1. Run some disk IO using fio or any other tool
2. While disk IO is running, inject pci error
3. disable the slot where nvme disk is attached (echo 0 > /sys/bus/pci/slots/<slot-no>/power)

Kernel Logs:
============
When we follow steps described in the test details we get the below logs:

[  295.240811] nvme nvme1: controller is down; will reset: CSTS=0xffffffff, PCI_STATUS=0x10
[  295.240837] nvme nvme1: Does your device have a faulty power saving mode enabled?

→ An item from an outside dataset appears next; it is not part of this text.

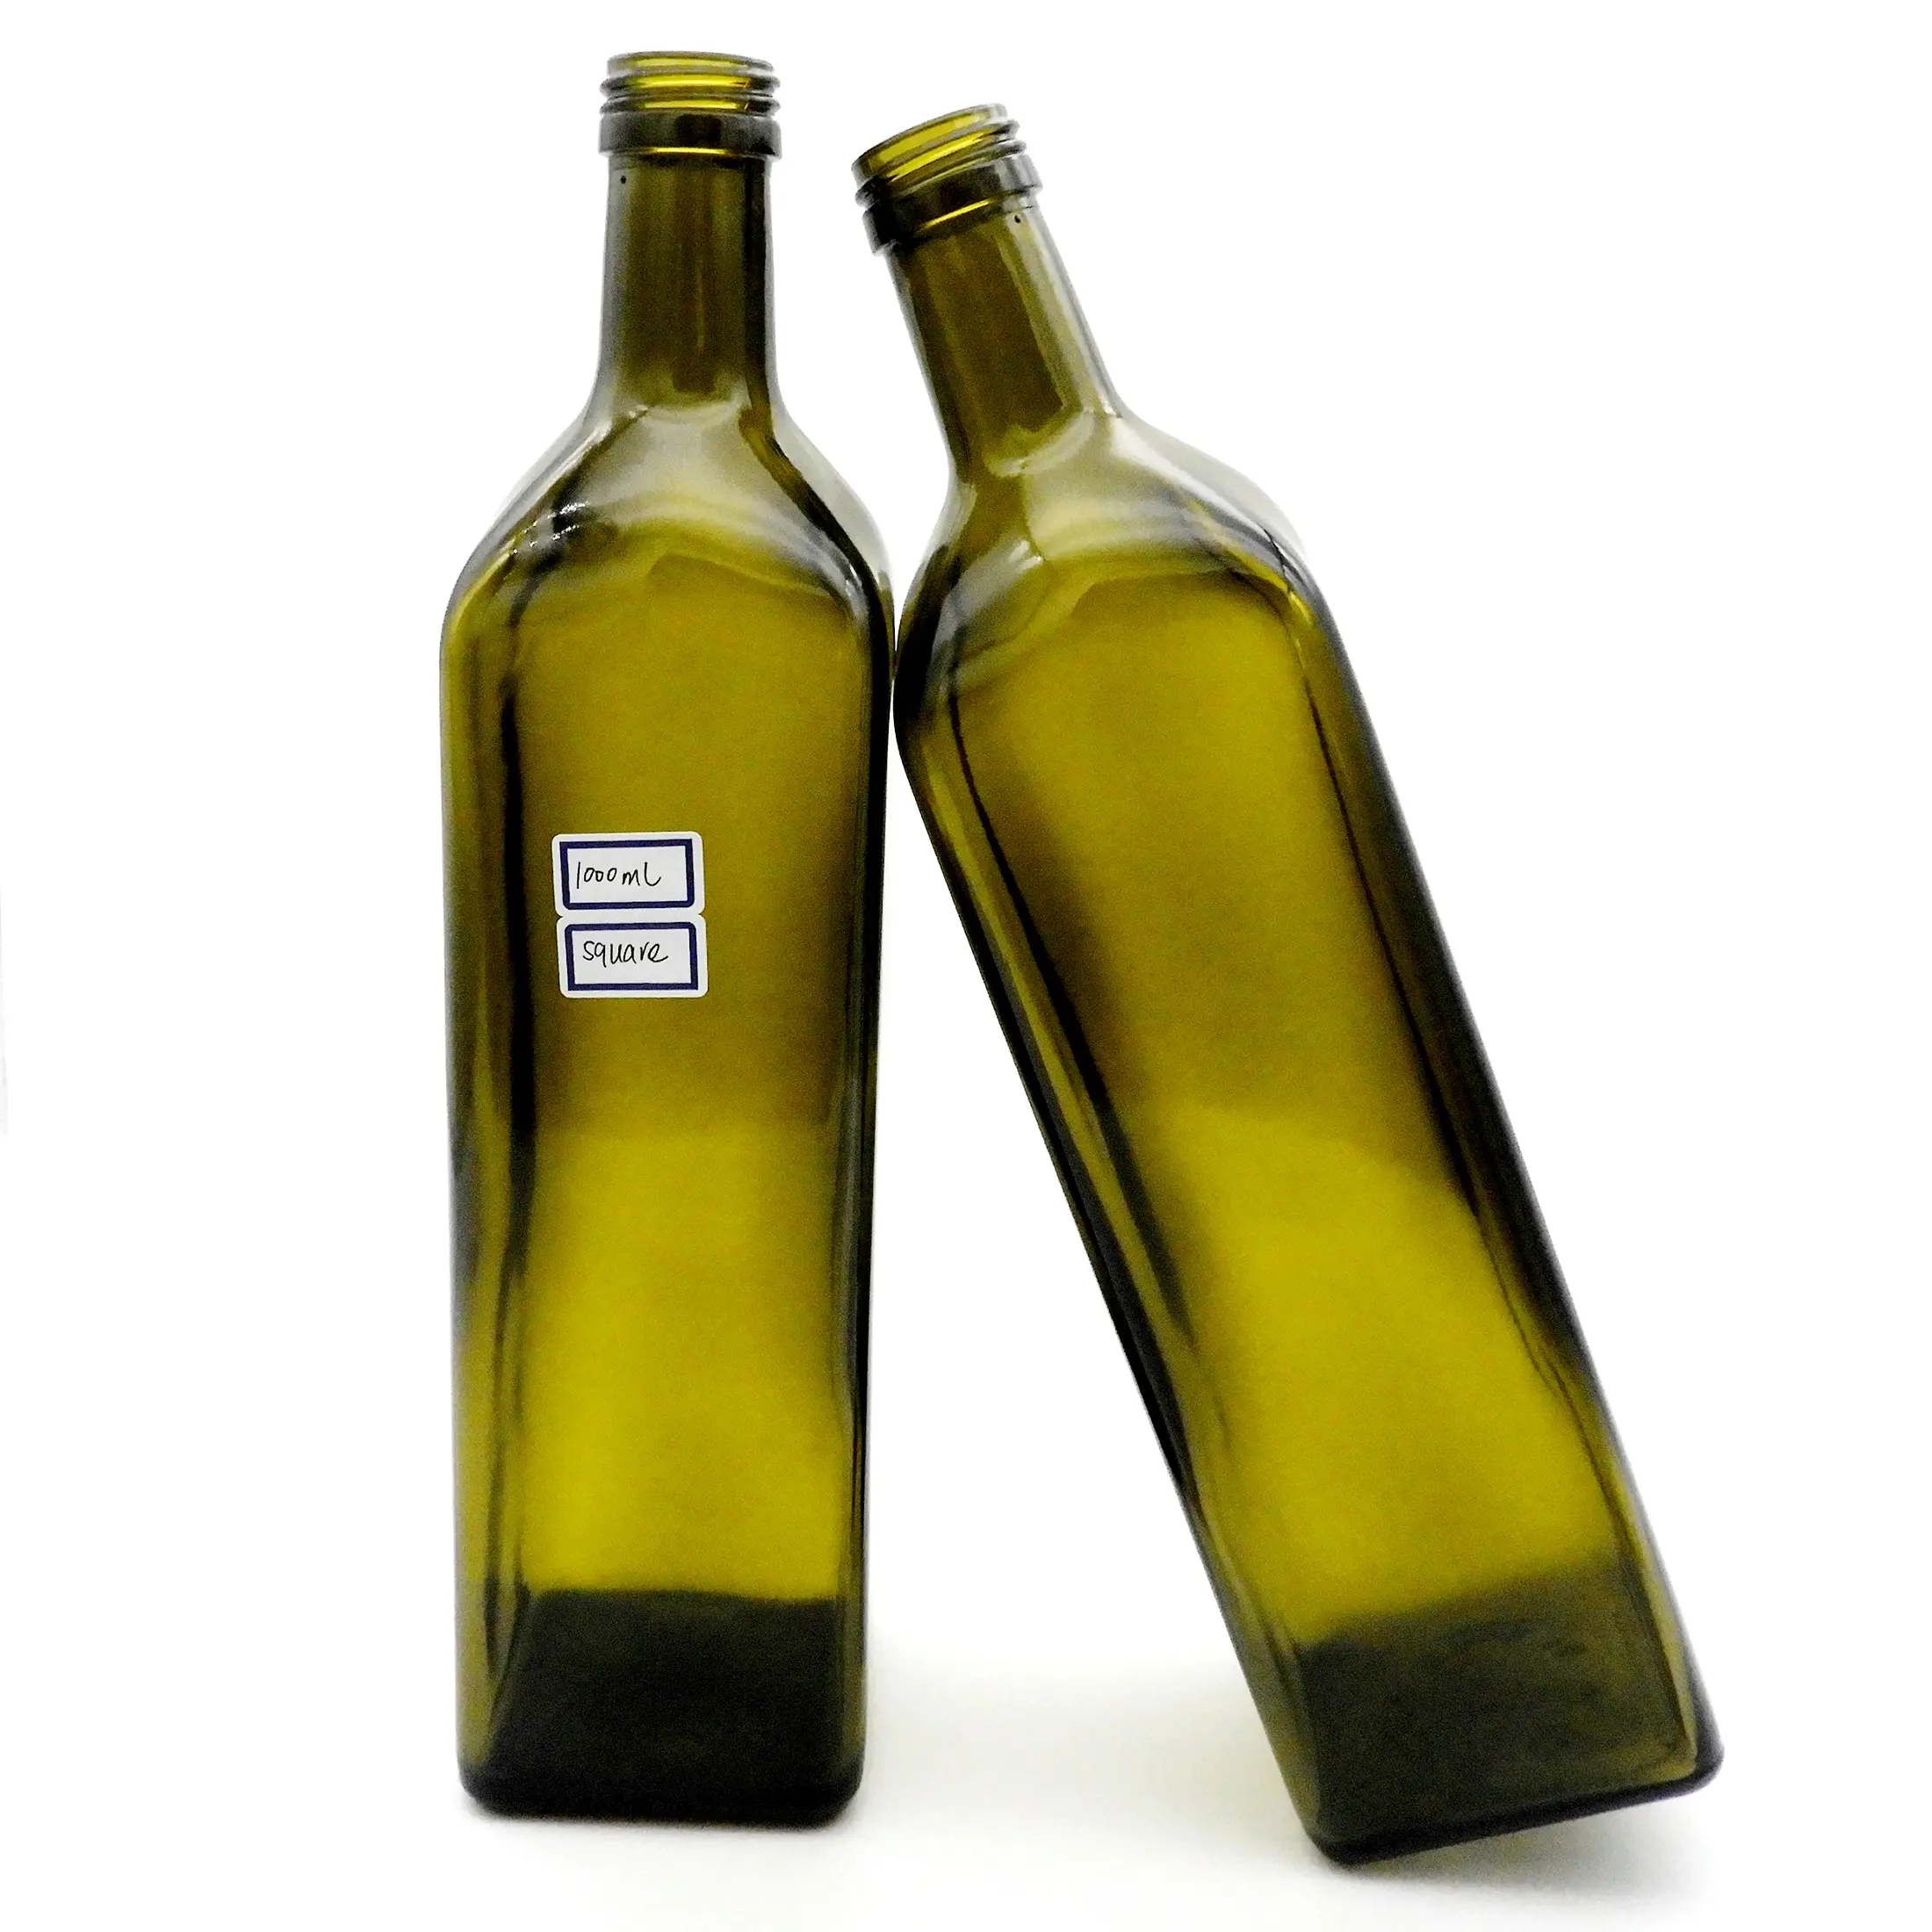 زجاجة زيت زيتون زجاجية 1000 مللي من المصنع زجاجة زيت زيتون ماراسكا بسعة لتر واحد بسعر الجملة

[  295.240845] nvme nvme1: Try "nvme_core.default_ps_max_latency_us=0 pcie_aspm=off" and report a bug
[  490.381591] INFO: task bash:2510 blocked for more than 122 seconds.
[  490.381614]       Not tainted 6.9.0-rc4+ #8
[  490.381618] "echo 0 > /proc/sys/kernel/hung_task_timeout_secs" disables this message.
[  490.381623] task:bash            state:D stack:0     pid:2510  tgid:2510  ppid:2509   flags:0x00042080
[  490.381632] Call Trace:
[  490.381635] [c00000006748f510] [c00000006748f550] 0xc00000006748f550 (unreliable)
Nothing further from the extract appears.